- Qualcomm introduces High Bandwidth Compute (HBC) memory architecture
- It leverages a hybrid design that stacks LPDDR memory in a 3D space, leveraging multiple layers to essentially replace what the current generation of high-bandwidth memory (HBM4) does.
- The move, which makes use of Qualcomm’s extensive experience with LPDDR, is not only energy efficient but also offers massive amounts of bandwidth and up to 768GB of stacked memory for AI workloads.
Qualcomm is reviving its data center ambitions, leveraging its experience as a chip designer that excels in the low-power computing segment by focusing on an entirely new architecture: High Bandwidth Compute (HPC).

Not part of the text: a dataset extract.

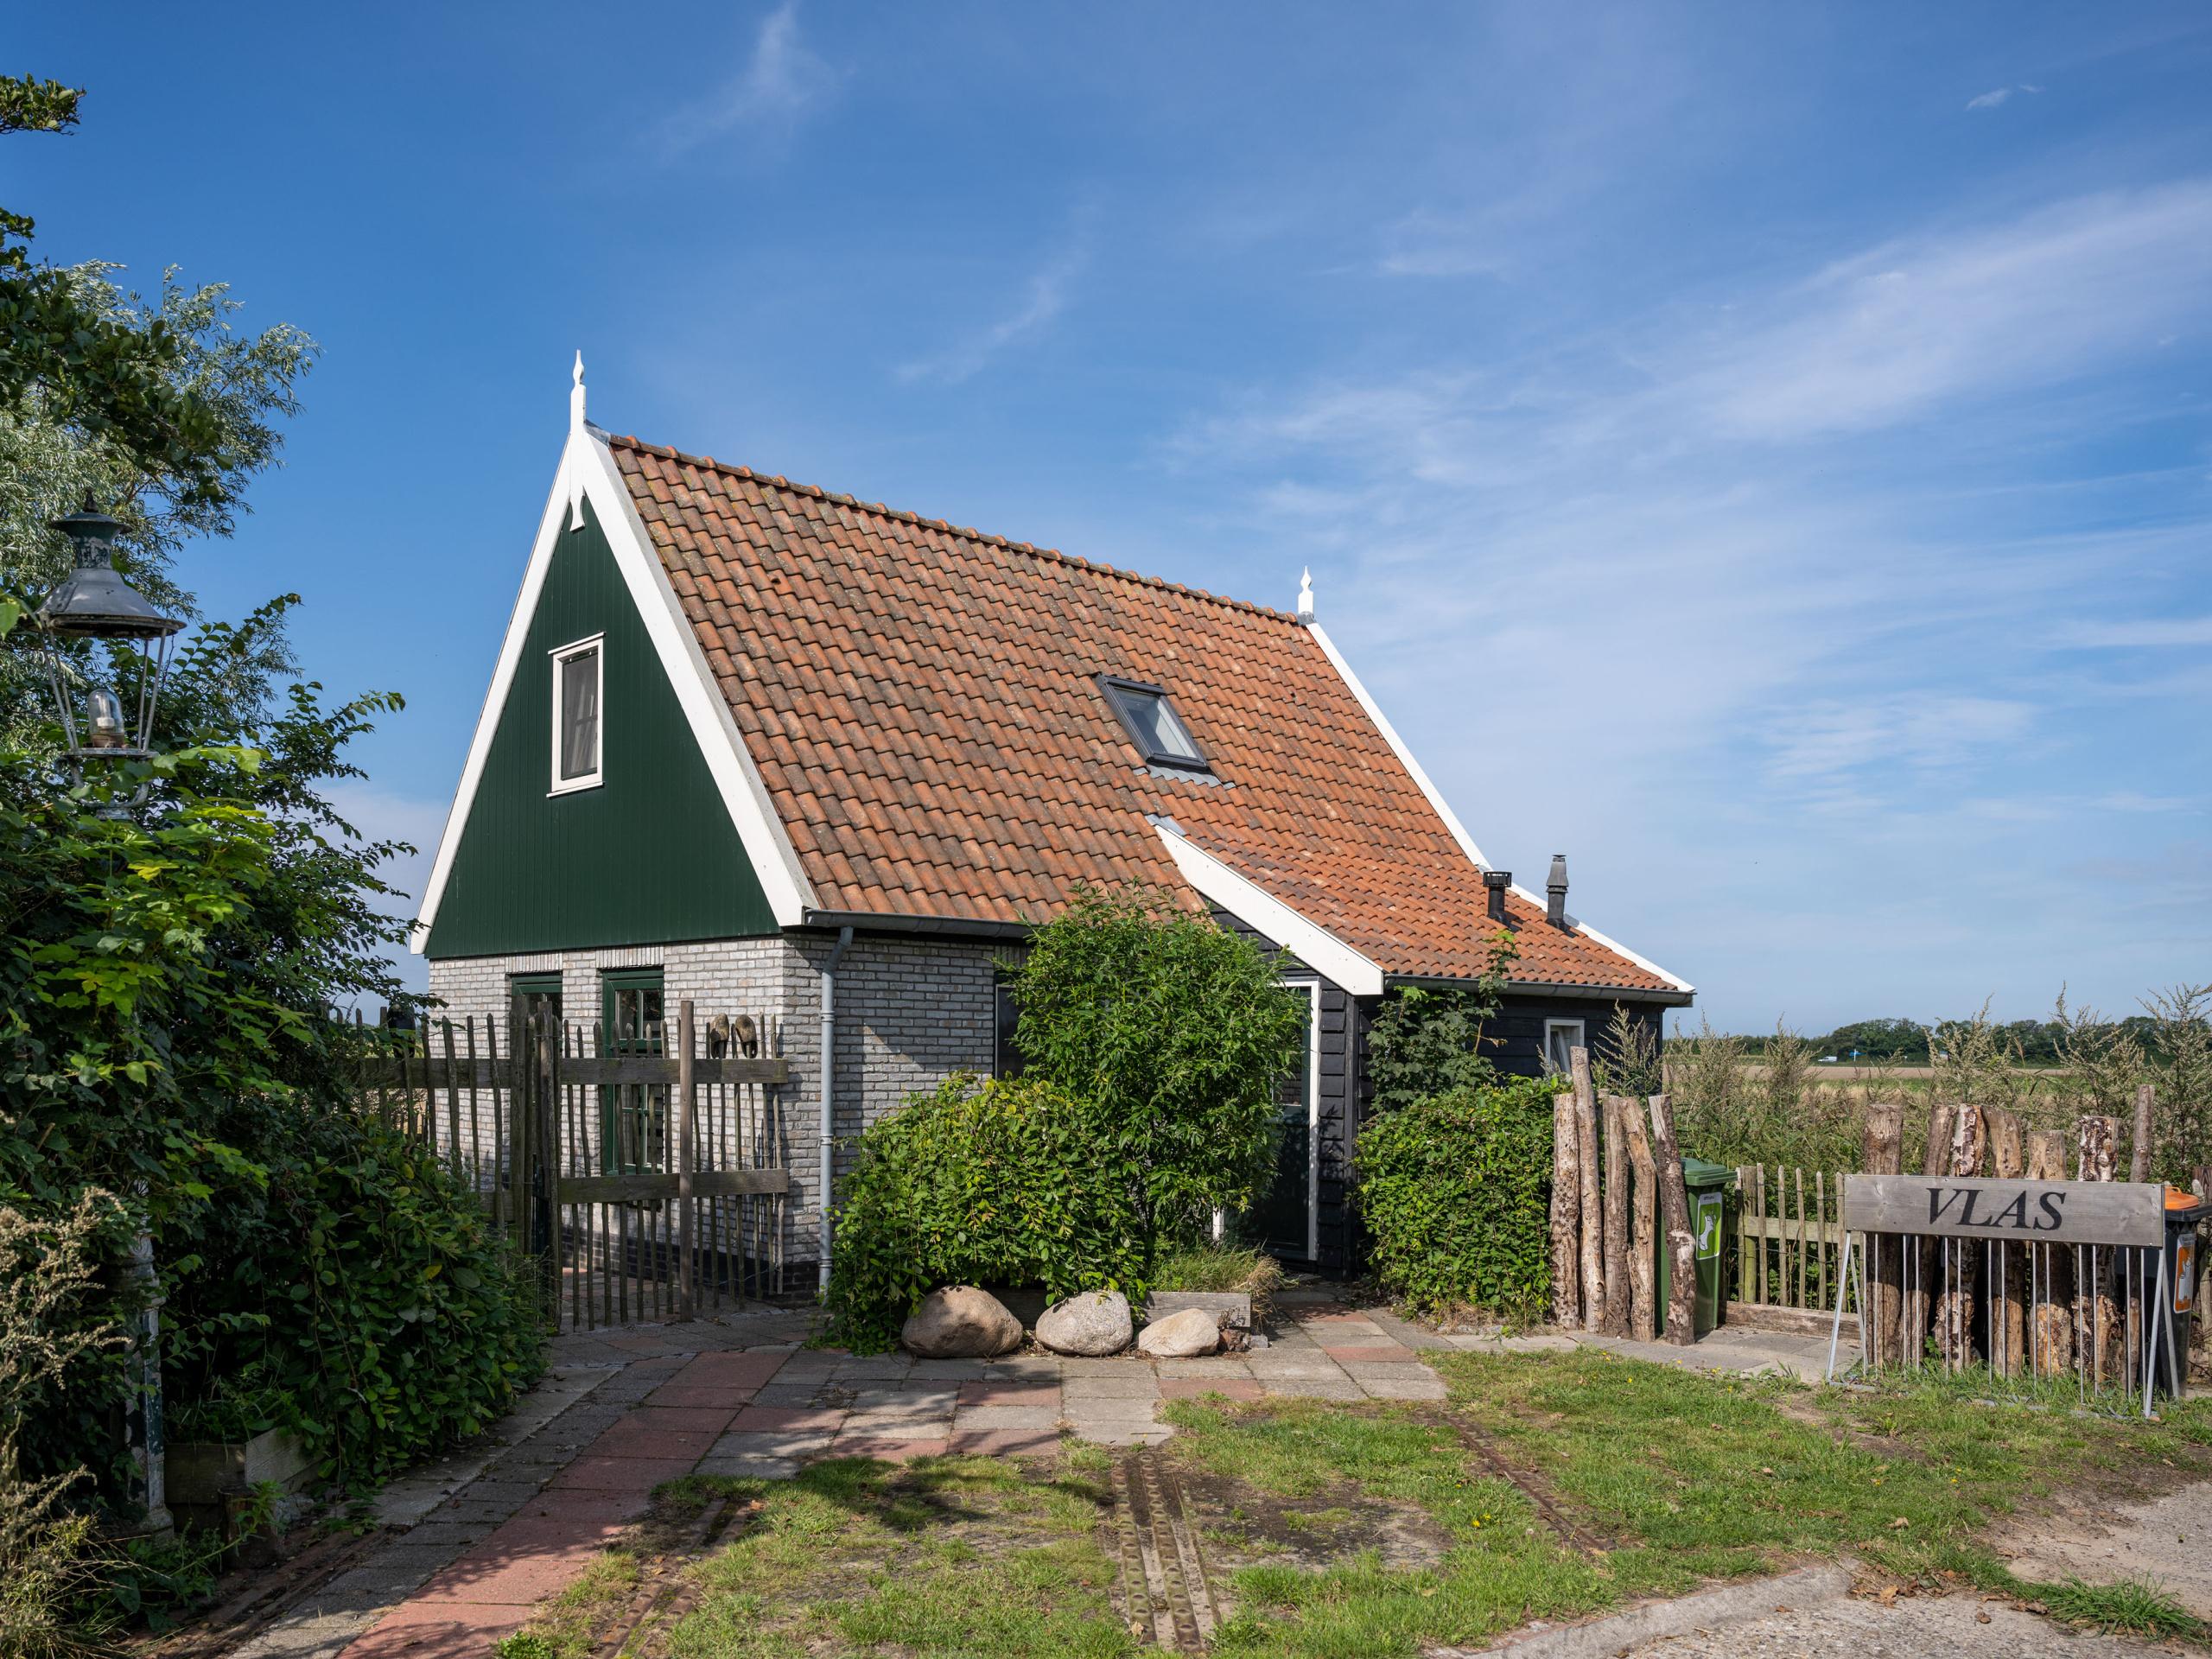 Modernes Ferienhaus im Texel-Stil auf einem Landgut in der Nähe eines alten Bauernhauses
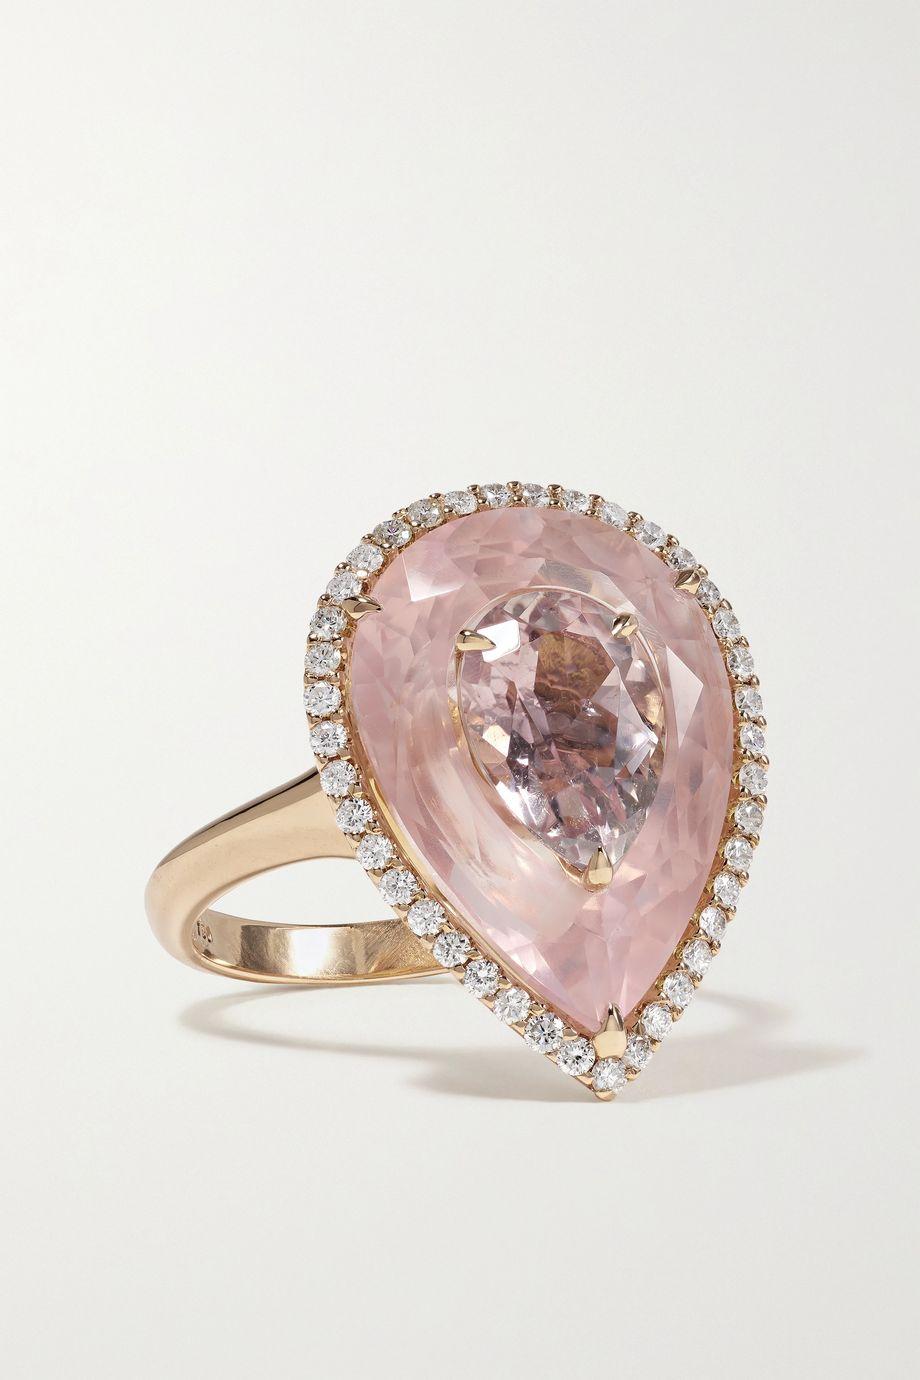 Boghossian 18-karat rose gold, morganite and diamond ring

The solution is a hybrid version of existing LPDDR memory that Qualcomm has successfully stacked in 3D vertical space, not unlike the industry-standard high-bandwidth memory (HBM) and its latest version, HBM4, while offering significant power savings along the way.
The move is made possible by Qualcomm offering a near-memory computing architecture that combines memory with a compute-based die, with the former stacked vertically on top of the latter, effectively enabling up to 133TB/s.
An AI memory offer for the future?
While the current industry standard, HBM4, is already widely used, Qualcomm’s promised offering is expected to appear in mid-2027 as part of its next-generation AI inference accelerator, the AI250.
HBC Gen 1 offers a theoretical capacity of 768 GB that HBM4 struggles to match, and the 133 TB/s bandwidth advertised by Qualcomm is an achievement, given that modern HBM4 solutions offer approximately 3.3 TB/s per stack at the high end.
Some of these claims about bandwidth, however, might be a bit of an unfair comparison, as while HBM4 offers raw bandwidth, Qualcomm’s solution (and its theoretical speeds) is arguably in play only because it does much of the computing on-chip, which in some respects is an apples-to-oranges comparison.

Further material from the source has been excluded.